DATA BLOCK >>
***
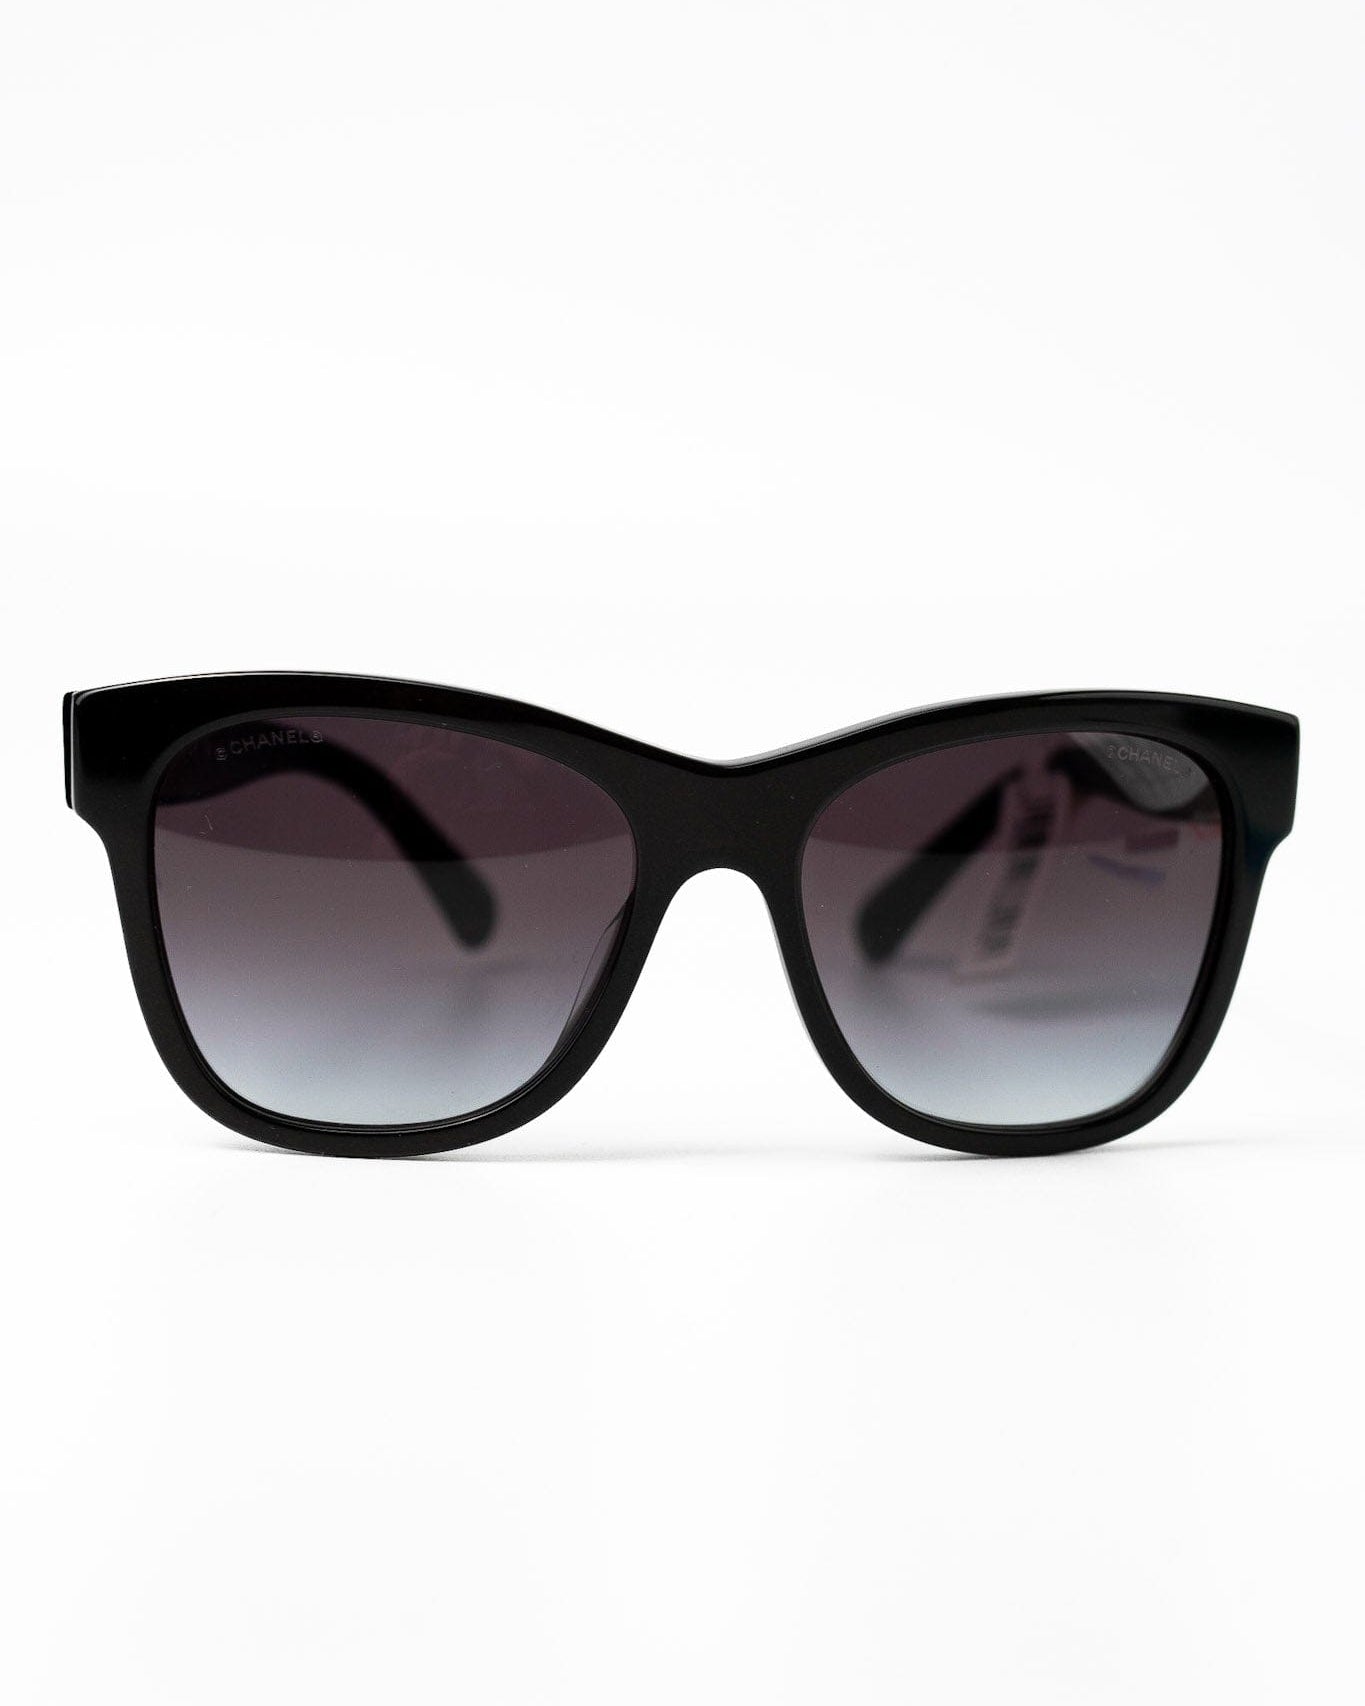 CHANEL Sunglasses Black Black CC Sunglasses 5380-A - Redeluxe
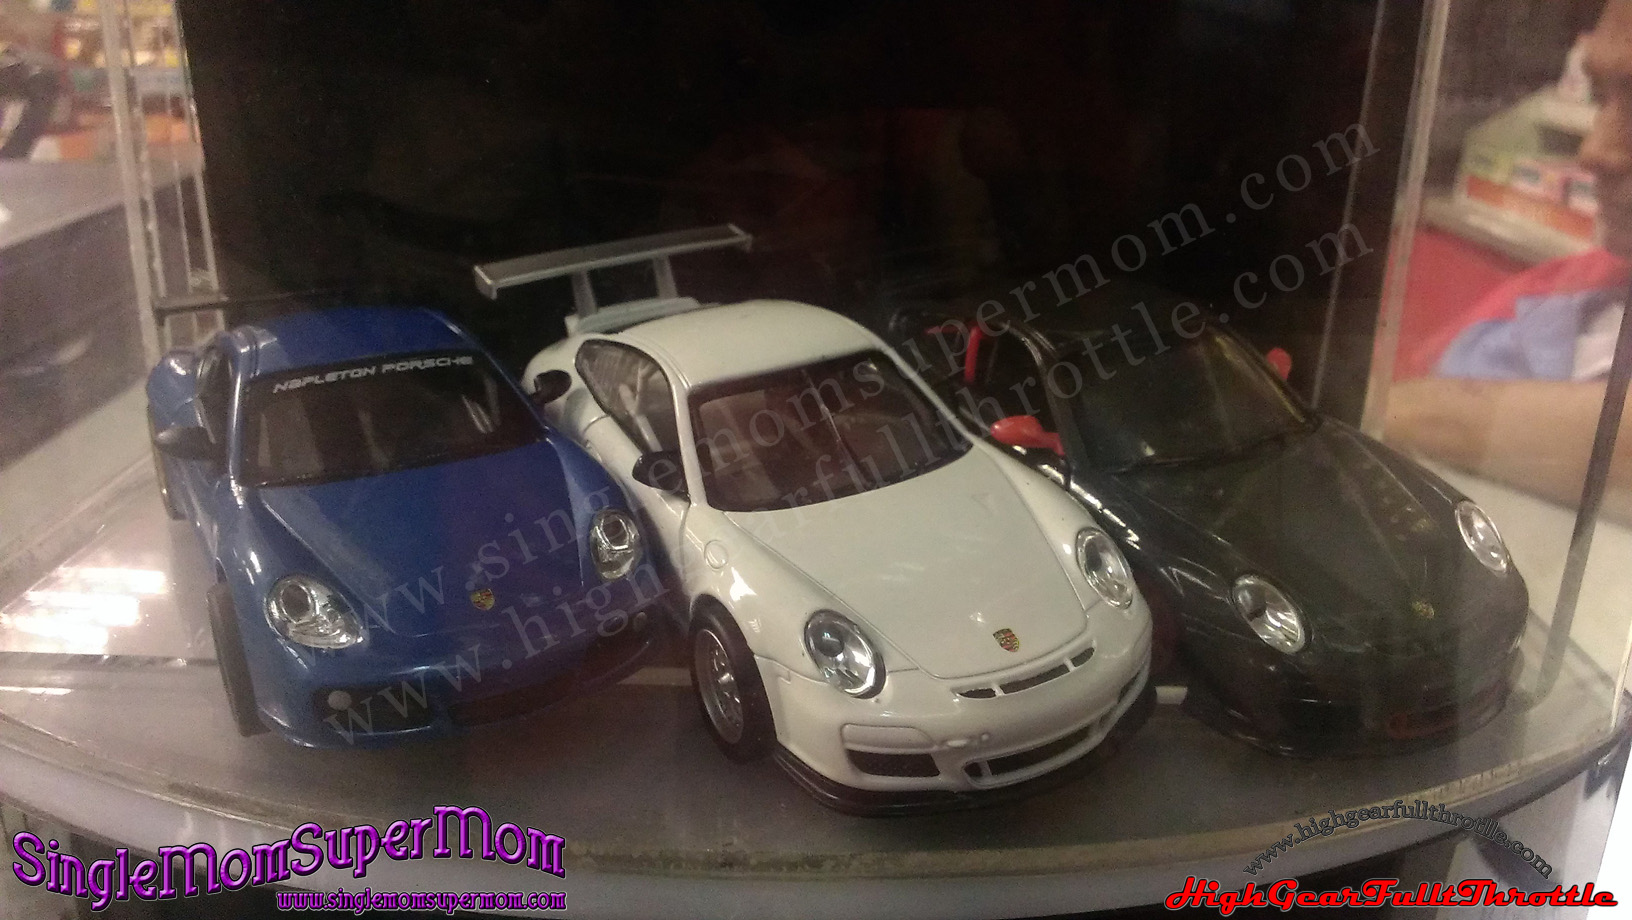 Petron Grab a Porsche toy car collectables
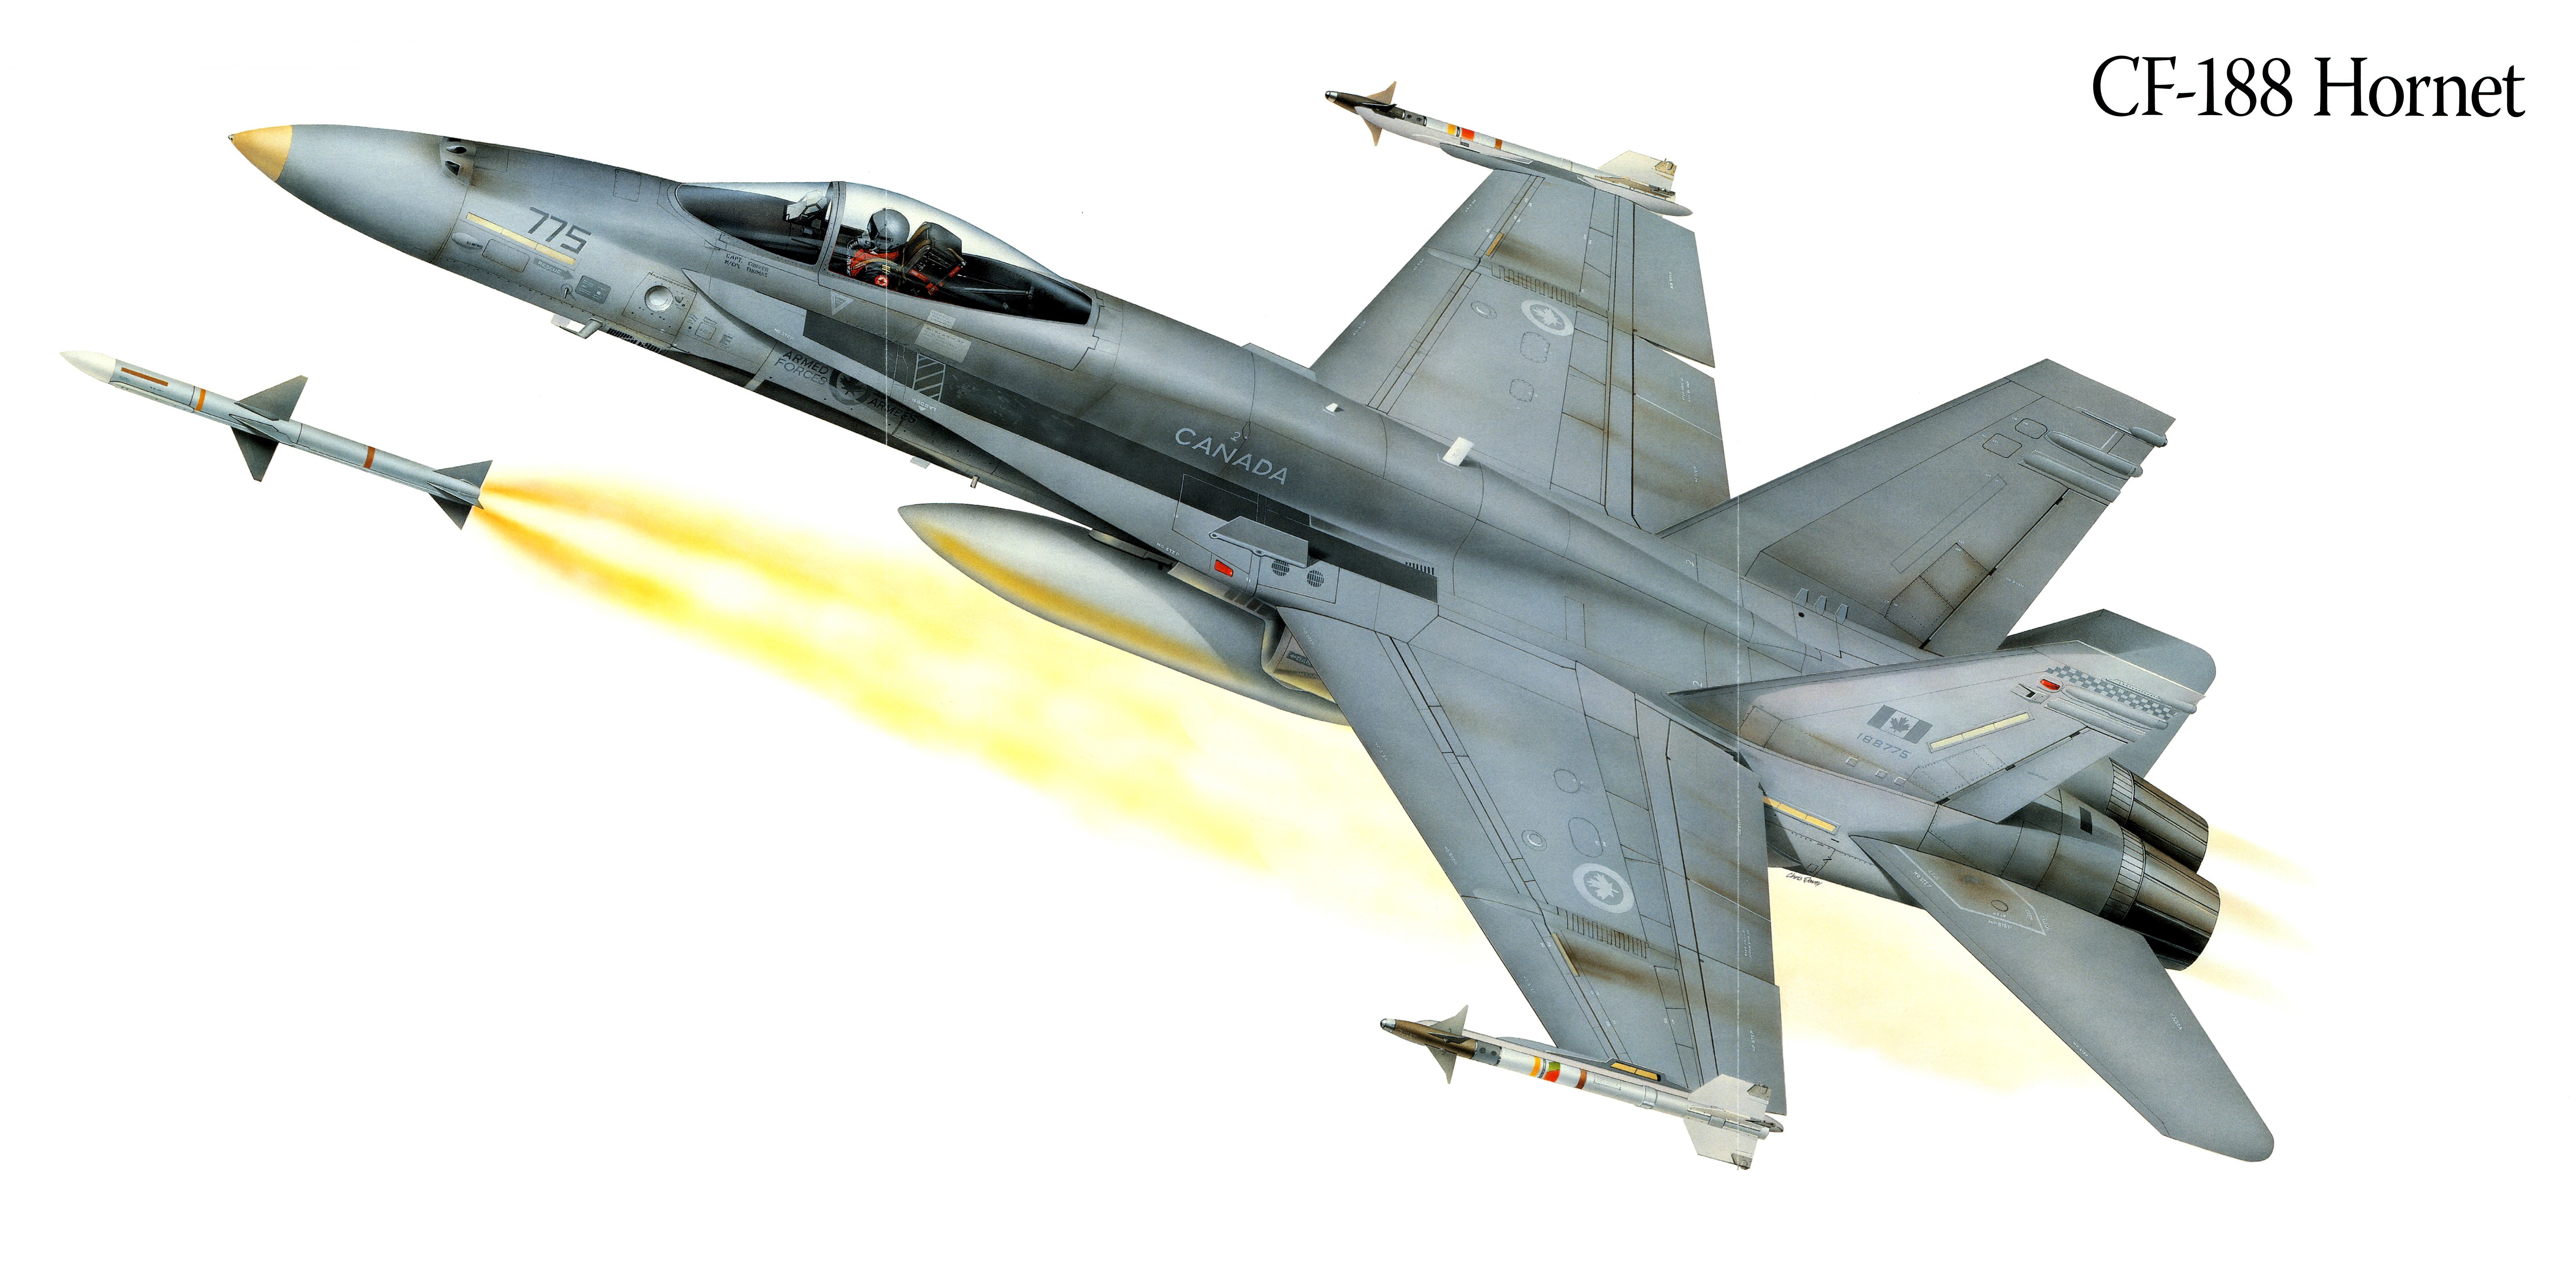 Картинка Истребители Самолеты CF-188 Hornet Рисованные Авиация 7028x3514
***
TASK STATEMENT >>
Which lines fall between the one containing "Petron Grab a Porsche toy car collectables" and the last line of the listing, both included? Give them again exactly, without the pictures.

PROBLEM SOLUTION >>
 Petron Grab a Porsche toy car collectables
 Картинка Истребители Самолеты CF-188 Hornet Рисованные Авиация 7028x3514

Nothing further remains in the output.